Dr. Charles F. L. N. Graham

Beaumont · Jefferson County · placed 1991

Hear Duane tell it

Jefferson County, Texas

Duane's take

Here's how the official marker tells it, and here's how I'll tell it to you. A man named Charles Frank Luckett Nordman Graham — Dr. Charles F.

L. N. Graham — was born in 1889 in British Guiana, the country the world now calls Guyana.

That's a long way from Southeast Texas, and the road between those two places is one worth following. He attended college not in one state but three — Alabama, Ohio, and Iowa — which tells you something about a man before you've even gotten to the good part. In 1918, he came to Beaumont.

He came on behalf of the American Missionary Association, and he didn't come empty-handed. He founded Graham Congregational Church. He founded the Barnwell Community Center.
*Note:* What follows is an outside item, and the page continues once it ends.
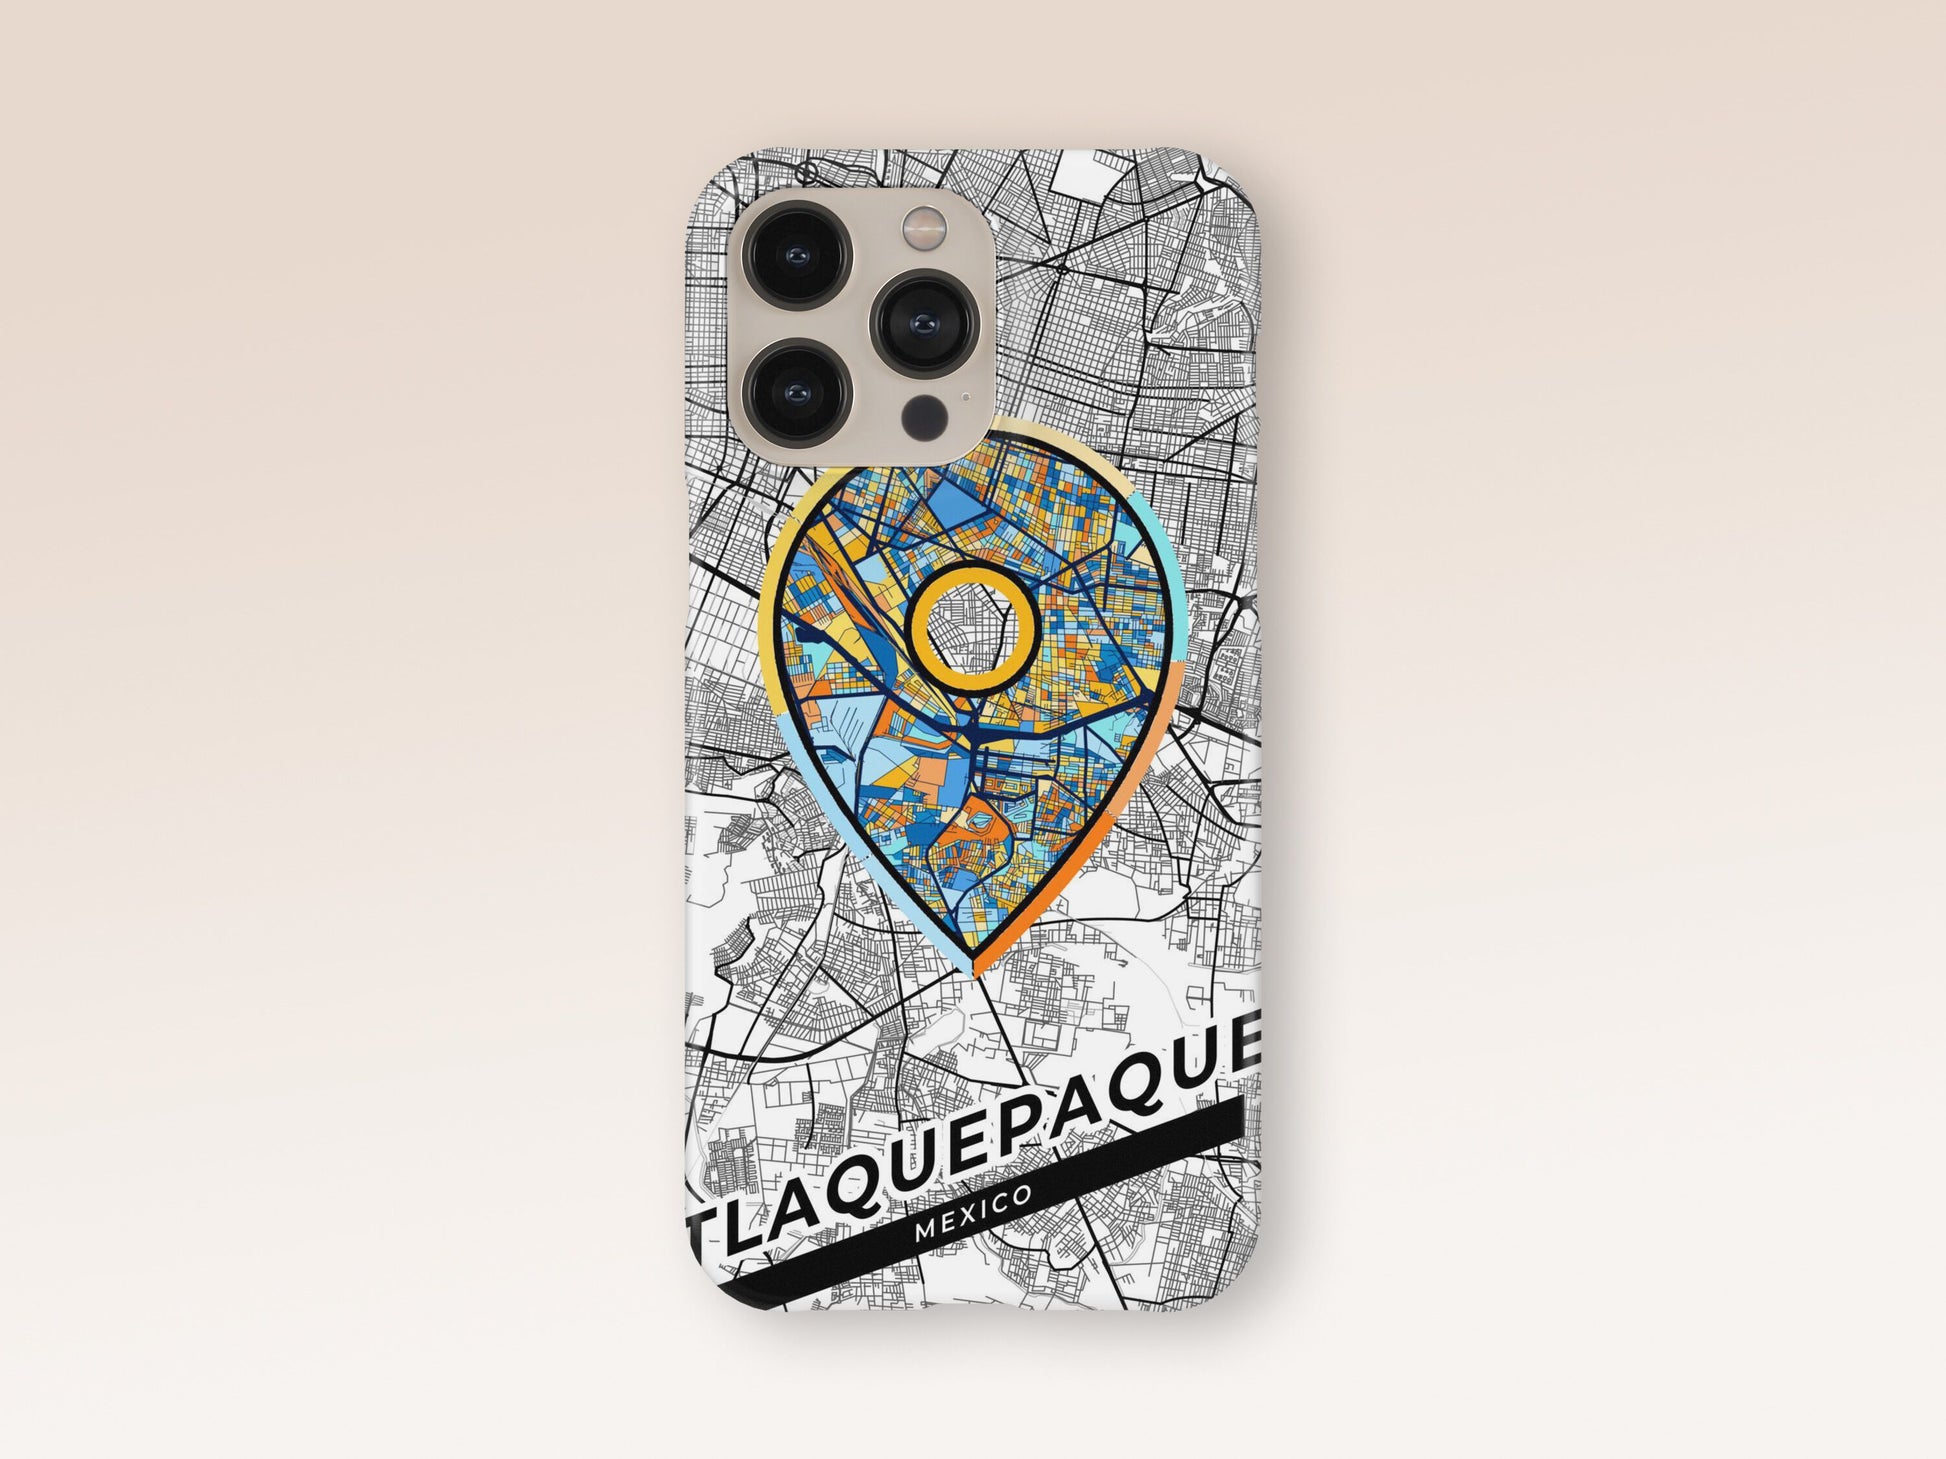 Tlaquepaque Mexico slim phone case with colorful icon 1

He organized recreational and health services for the city's Negro citizens at a time when nobody was lining up to do that work for them. Now here's where the story gets its weight. The early 1940s in Beaumont were a tense time — racially tense in ways that could boil over, and sometimes did.
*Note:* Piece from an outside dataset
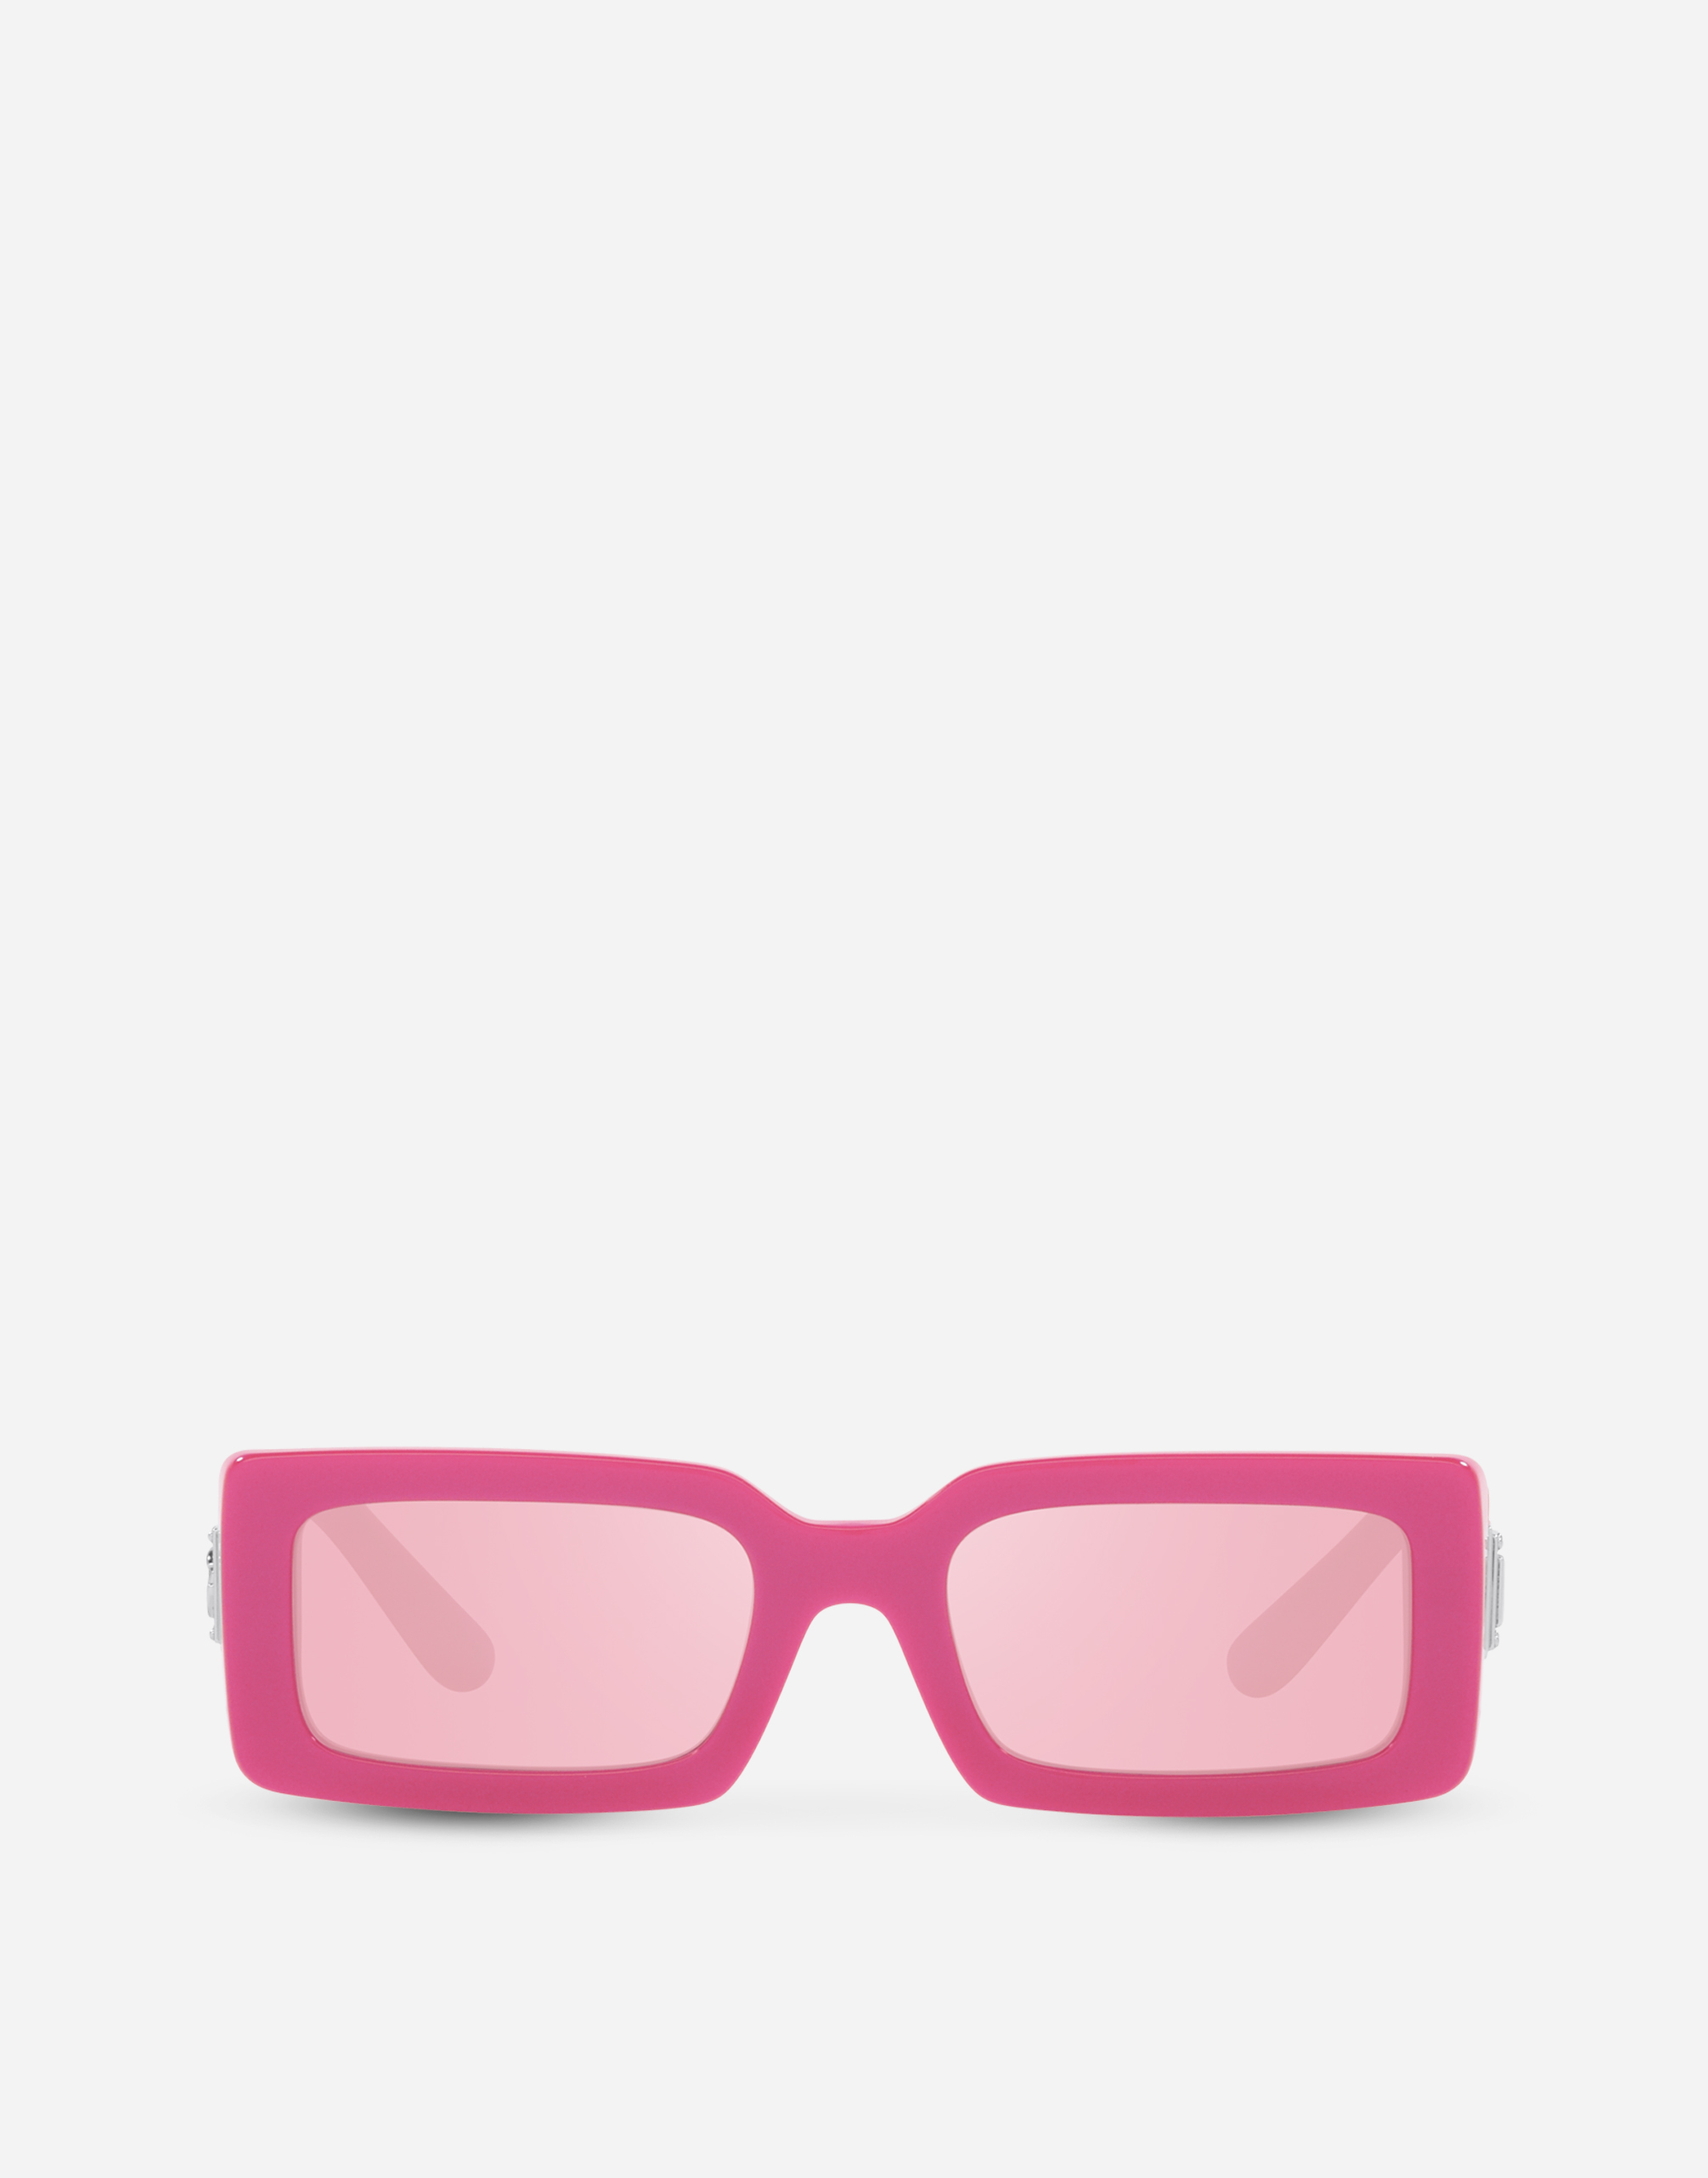 DG Bella sunglasses in Pink Metallic

Dr. Graham was instrumental in easing those tensions through the establishment of the Beaumont Negro Goodwill Council. That's a quiet sentence on a marker, but think about what it asks of a man to plant something steady in ground that volatile.

He kept at it. And in 1943, Charles Frank Luckett Nordman Graham became a United States citizen — the country he had served, and built in, and stood up in, finally made it official on paper. He died eight months later.

Eight months. The marker gives us 1889 and 1943, and the distance between those two years holds a church, a community center, a council, and a citizenship that came just barely in time. That's the story the marker leaves you with, and it's enough.

What the marker says

(1889-1943) Born in British Guiana (Guyana), Charles Frank Luckett Nordman Graham attended college in Alabama, Ohio, and Iowa. He came to Beaumont in 1918 on behalf of the American Missionary Association and founded Graham Congregational Church and the Barnwell Community Center. The Rev. Dr. Graham organized recreational and health services for the city's Negro citizens. He was instrumental in easing racial tensions in the early 1940s with the establishment of the Beaumont Negro Goodwill Council. He became a U. S. citizen in 1943, eight months before his death.